Through the studio the students develop robust and carefully woven environments which prove that it is possible to create a beautiful architecture that seamlessly addresses energy efficiency, universal access, comfort and durability.

Key objectives for inclusion

The studio adopts a situated model of learning and requires students to take an inclusive approach in developing their design strategies. Projects are based in a real location with a real community that the design must respond to. This is particularly demonstrated by the Change Order phase which asks students to consider a programmatic brief that responds to the societal needs most prevalent in the context.
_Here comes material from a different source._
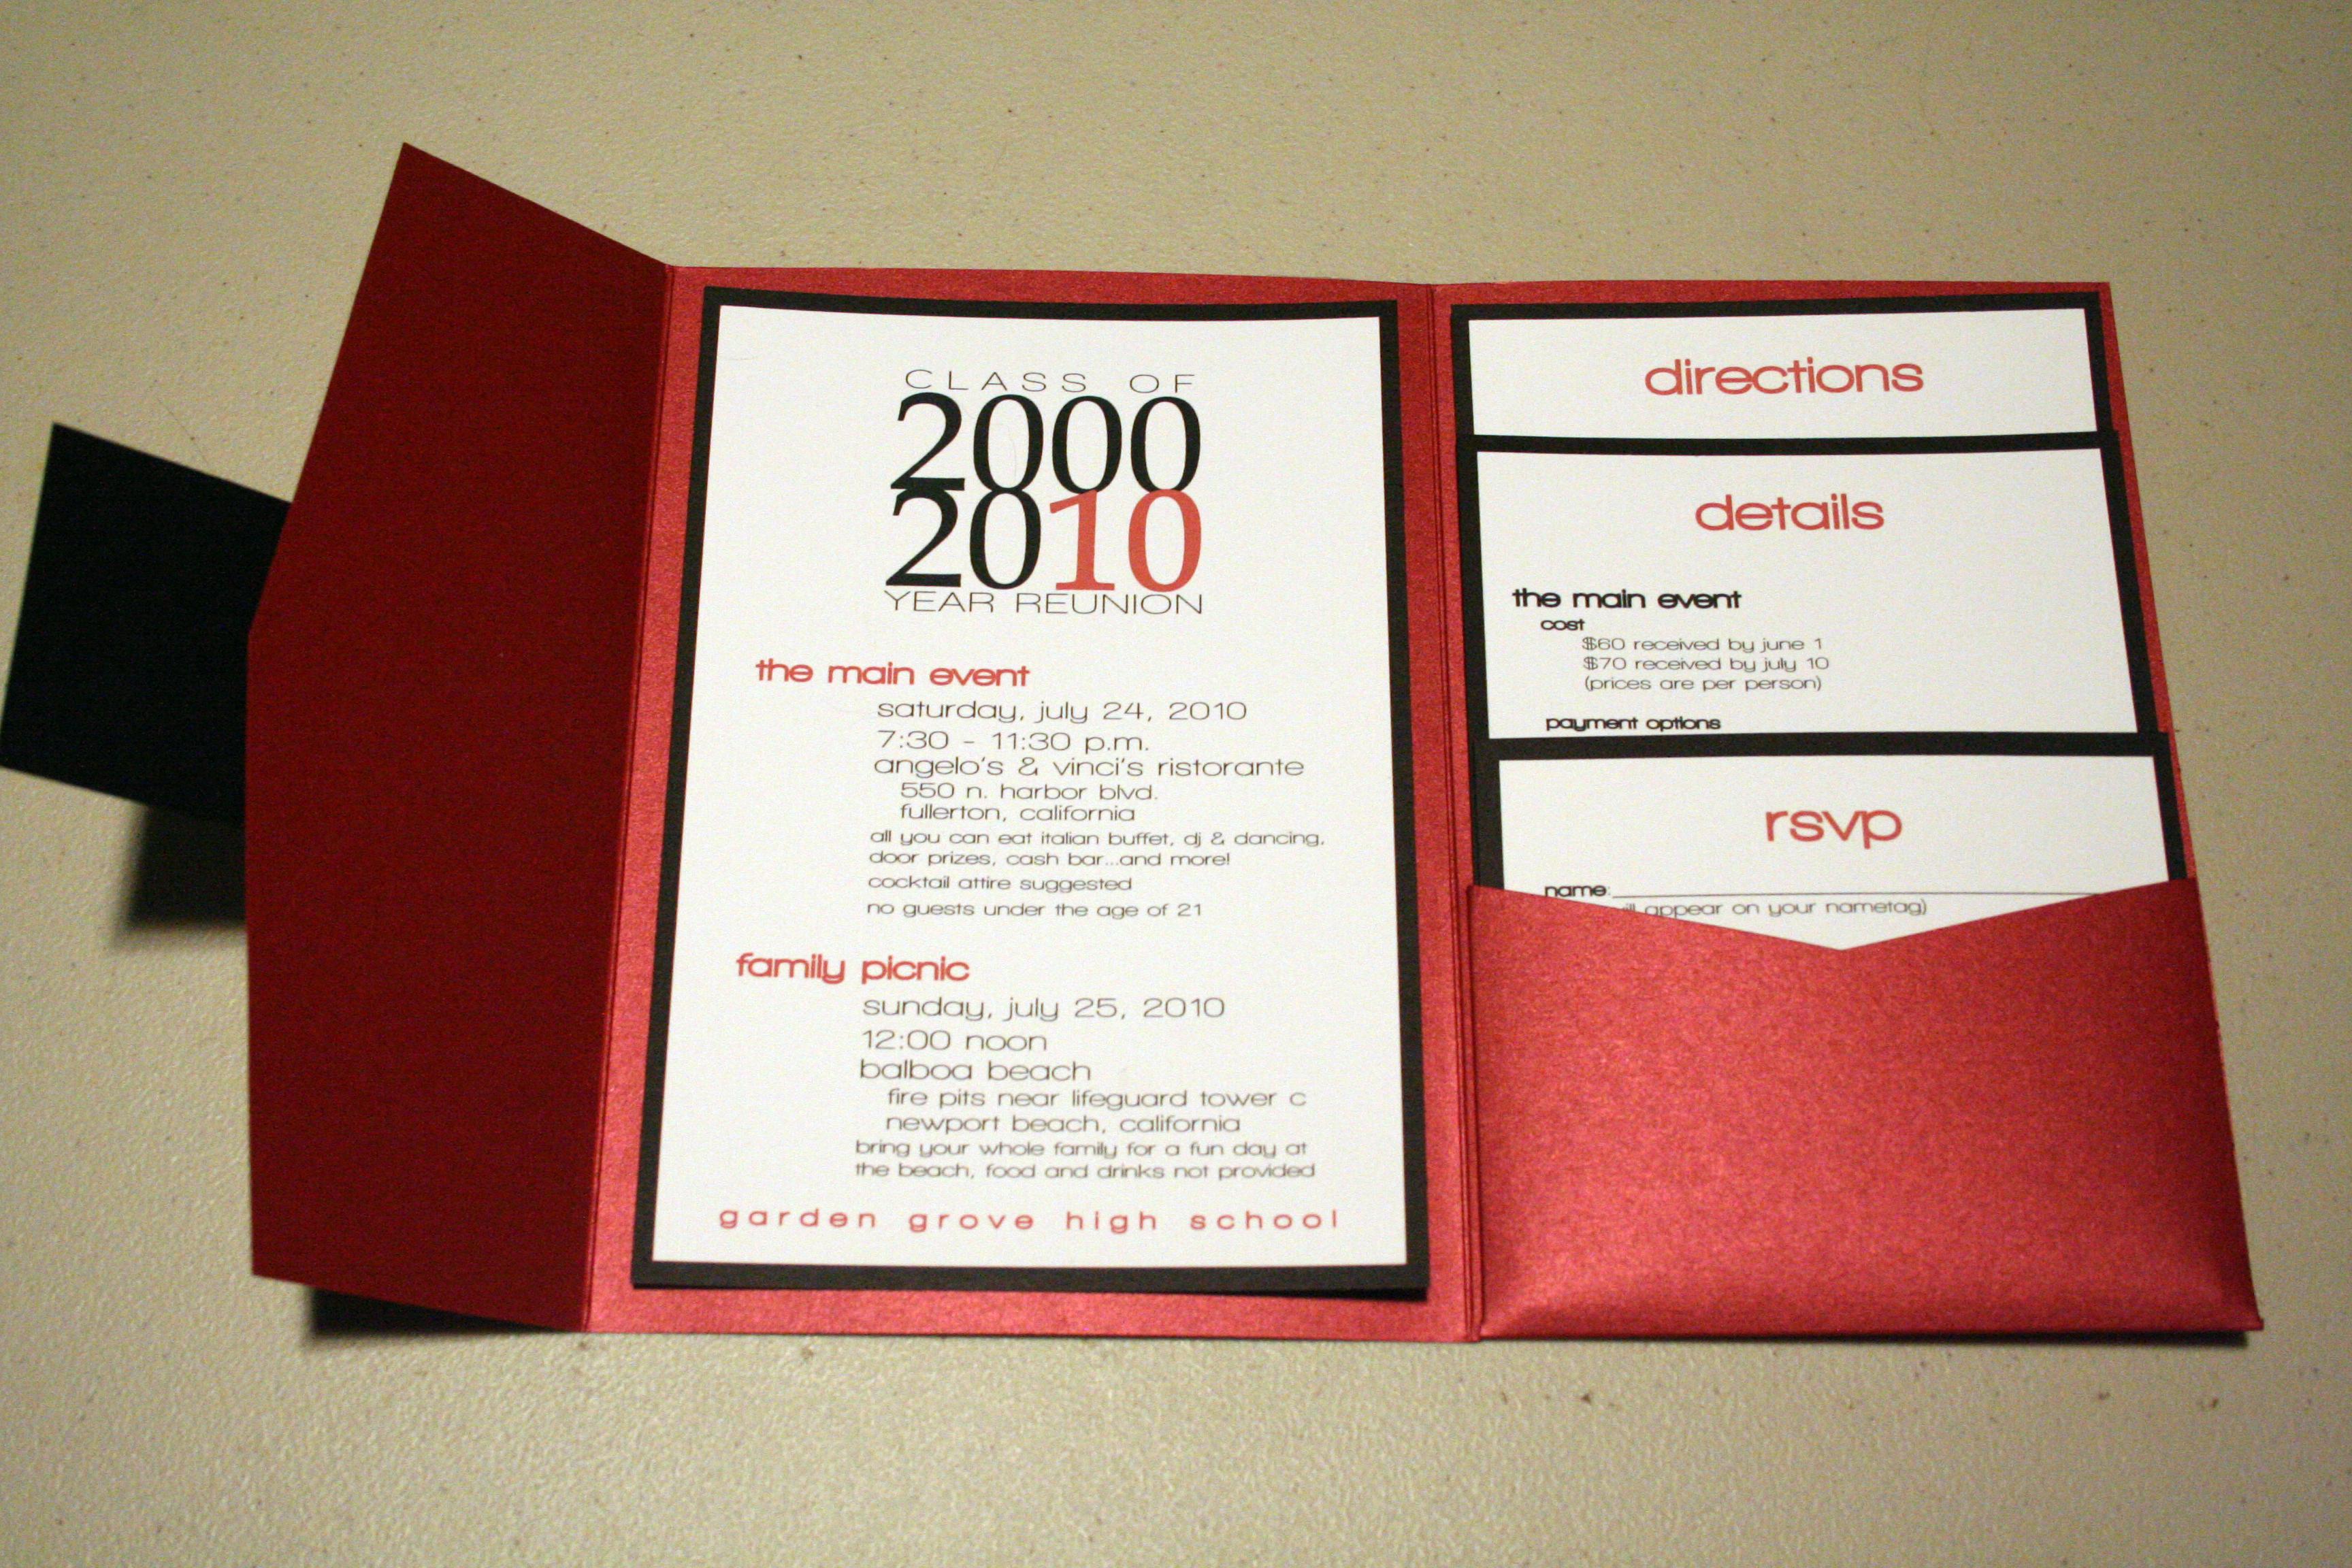 Garden grove high school 10 year reunion mia cartoleria the inside of the invitations stopboris Gallery

The studio emphasises a collaborative and inclusive approach to team working and implements a Servant Leadership model. This recognises that there is no one best way of identifying a leader and positions itself as an inclusive alternative to typical hierarchical models.  By rotating the leadership role in each of the teams we have utilised the three dimensions of servant leadership, Sousa & van Dierendonck, (2015); 1) Empowerment – the encouragement of autonomous decision making, especially accountable informed and responsible decisions, 2) Accountability providing direction while conscious of individual capability, needs and contribution and 3) Stewardship – concerning the common good.  
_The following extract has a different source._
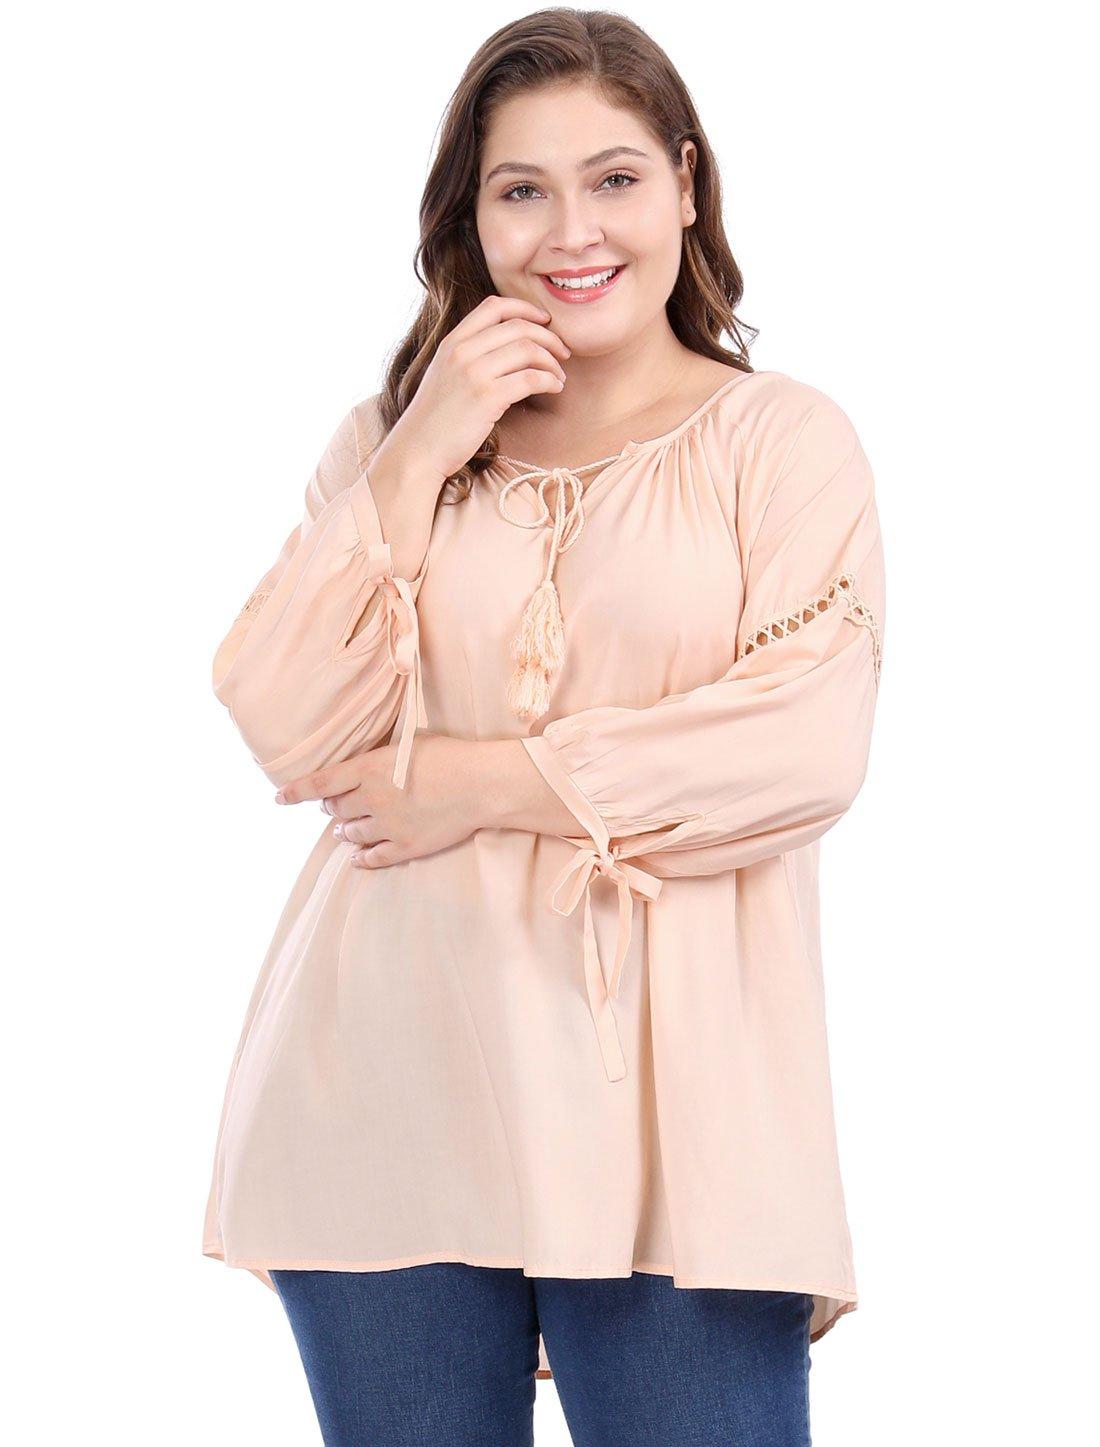 Agnes Orinda Women's Plus Size Raglan Sleeves Hollow Out Tie Neck Tunic Top

Results in relation to category

An important and central pillar of this studio is the active engagement of a professional design team that offer critique, advice and support for the student work.  The situational aspect of the wicked problem is an essential root to the studio.  Embedding the original design team in the theoretical studio grounds the design activity, brings a realism to the studio and imparts a wealth of tacit knowledge to the students.  As the work progresses the professional team moves from sharing to motivating and propelling behaviour as it underpins each of the student group’s speculative and reasoned presentations. 
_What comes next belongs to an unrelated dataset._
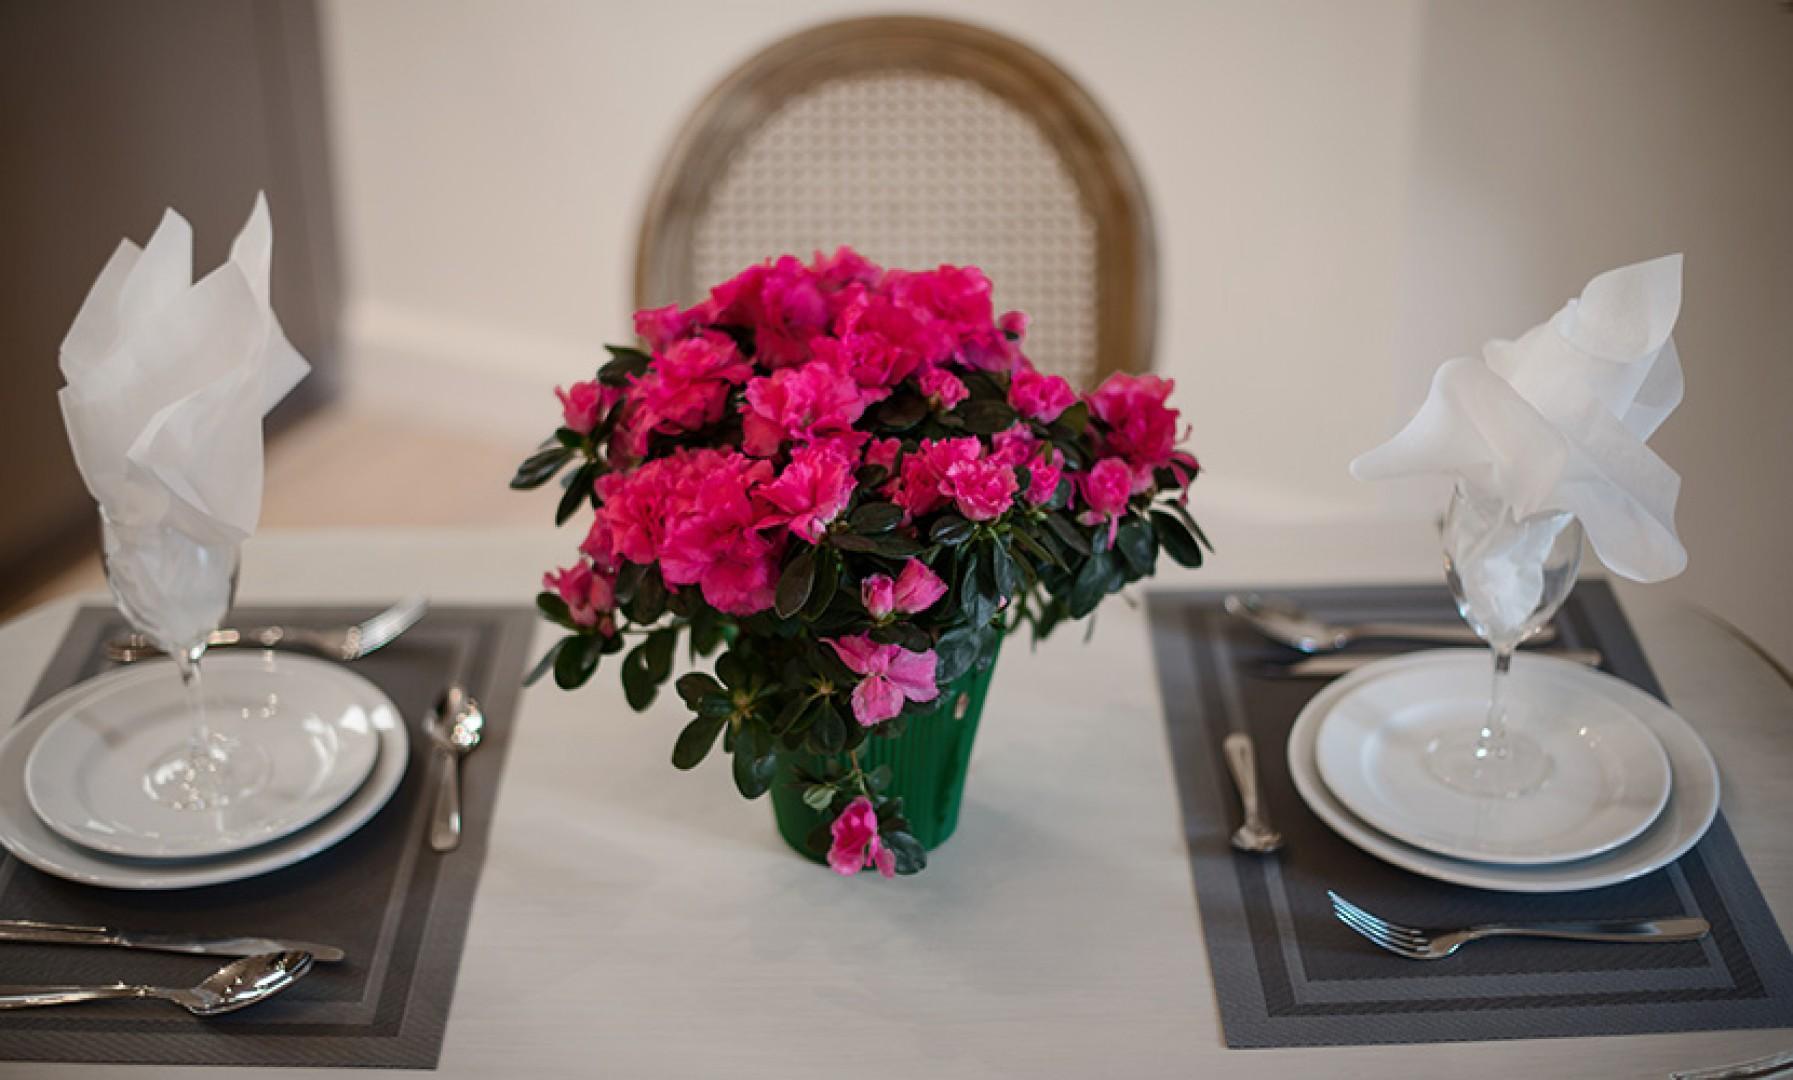 A romantic dinner setting in Paris - your apartment!

’I gained new insight at every stage while honing my skills on the areas where I contributed… The remote working helped to develop alternative communication modes, stronger team work all the while alternating the various leadership roles.’ Student C

 ‘I learned a lot about organisation and responsibility.  Or rather the responsibility of being organised.’ Student D

‘I think the outcome of our building is something we can be proud of. It has certainly been an iterative process, but we have maintained the same objectives from the outset and we feel we have achieved them.  I have no doubt that if we were to have undertaken this project alone, the outcome would have been very different.  But I think the richness of our project comes in the collaboration...’ Student E

 ‘I felt more at-ease to offer my opinions or ideas as I was comfortable with my group members, in comparison to groupwork in other years. Student F

‘At the very start I didn’t think of it as a normal ‘studio project’, that somehow because it was more situated in the ‘real world’, that it didn’t have to be as creatively driven as our typical projects of the past. This process showed me the values of both sides of designing: the real, situated thing; and the imaginative, conceptual processes going on behind the scenes. Student G

How Citizens benefit

Not Applicable

Innovative character

This is the first collaborative design studio that has embedded a responsible design curriculum at its core.  It is to our knowledge also a first in the manner in which it has embedded external professionals from a range of built environment disciplines into the pedagogic process.  

The cognitive scaffold approach is not completely unique but in terms of its application is unusual in architectural design modules. 

Furthermore, by embedding a servant leadership model into the process it also encourages a broader understanding of leadership modes helping to inculcate key personal skills in the student.